Mr Tuli presents with a number of factors that are seen within a group of
offenders who are at high risk of future violent offending and he has
identified security and rehabilitative needs. From a clinical perspective the
focus is upon addressing rehabilitation and not addressing any punishment
elements of sentencing. The issue of where sentence may be delivered and
the extent to which the courts will seek an element of punishment and a
guarantee that Mr Tuli will not be at large in the community continues to be
the primary issue for the court to adjudicate. The identified barriers to
rehabilitation particularly related to Mr Tuli’s low intelligence and education
and employment deficits will warrant intellectual disability adapted
rehabilitative input at some point in his journey to safe reintegration into
society and this is optimally offered during the 2–3 years leading up to
re-integration into society and including gradually increasing self
management and community access to consolidate rehabilitative gains in a
non-institutional setting.
[29]
Mr Wimsett has ably represented Mr Tuli and put forward all that can be said
on his behalf. In addition he has presented the Court with updated information from
the prison. We have noted that Mr Tuli is doing a literacy and numeracy course, on a
one-on-one basis as the reports recommend. The negative information that emerges,
however, is that Mr Tuli is acting up, being disruptive and seems to have been drawn
into a gang environment. The obvious concern is that a prolonged time in such an
environment may serve to further diminish his rehabilitative prospects.
[30]
It is apparent from the reports that the timing of Mr Tuli’s placement into the
intensive care programme will be critical. As Dr Duff observes, the programme will
work best as a prelude to Mr Tuli’s release, assuming the programme is successful.

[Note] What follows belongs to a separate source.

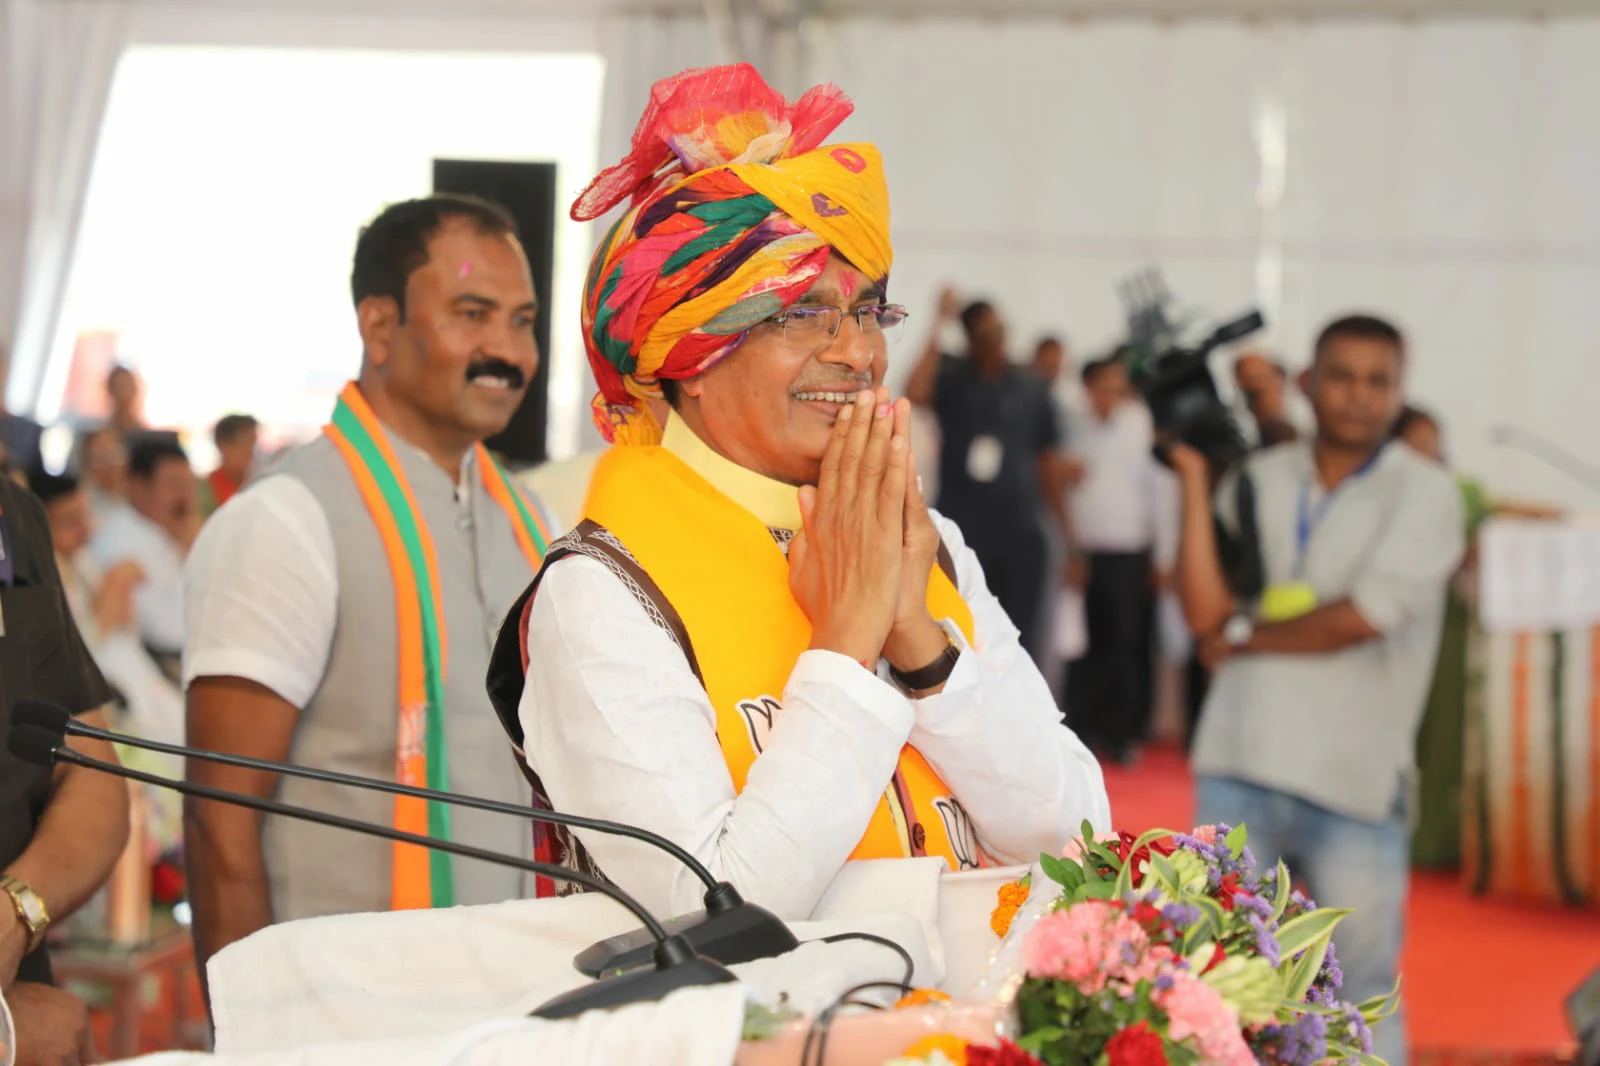 मुख्यमंत्री शिवराज सिंह चौहान झाबुआ में महिला सम्मेलन में हुए शामिल, भगोरिया नृत्य और पुष्प-वर्षा कर मुख्यमंत्री का किया स्वागत

She recommends transfer be considered two to three years prior to integration, but
the dilemma for a Court is when that might be. It can be known for certain that
Mr Tuli must serve three years, eight months of which has been served since
sentencing.9 So there is at least around two years to go, but how much beyond that
will be determined by safety issues, and cannot be ascertained at this point.
[31]
Eight months on from sentencing, a disposition under s 34 would now occur
more comfortably within Dr Duff’s two to three year timeframe. Also now armed
with updated information from the prison, we have come to the view that an order
under s 34 is appropriate. We are influenced by these factors:
(a)
As noted, it is now clearly within the period recommended by
Dr Duff.
(b)
Mr Tuli is only 18 years old and the path he appears to be heading
down in prison is troubling. If transfer is delayed until three years has
been served in prison, rehabilitation options may be permanently lost.
(c)
From society’s viewpoint, Mr Tuli poses a real risk for the future, and
is a high risk of serious offending. Taking whatever steps can be
taken to give the best opportunity to ameliorate this situation is where
the interests of the public lie.
(d)
The underlying sentence remains in place. The report writers all note
that there is no certainty as to whether the proposed intensive steps
will work. If they do, in three years time Mr Tuli will have more than
9
There may also be remand time to be added.
served the punishment part of his sentence, and society will be much
better protected. If they do not work, then the nine year sentence
remains in place.
[32]
This was always a finely balanced decision and now, given the new factors
we have identified, in terms of s 34(2) of the Criminal Procedure (Mentally Impaired
Persons) Act, the Court is satisfied that an order under s 34(1)(a)(ii) of the Act is
required in the interest of public safety. Such an order will also be in Mr Tuli’s
interest, but it is the public safety aspect that has driven the outcome.
Result
[33]
The appeal against sentence is allowed in part. The appeal against the end
sentence of nine years’ imprisonment is dismissed. However, we make an order
under s 34(1)(a)(ii) of the Criminal Procedure (Mentally Impaired Persons) Act that
Mr Tuli be detained in a secure facility as a special care recipient under the
Intellectual Disability (Compulsory Care and Rehabilitation) Act.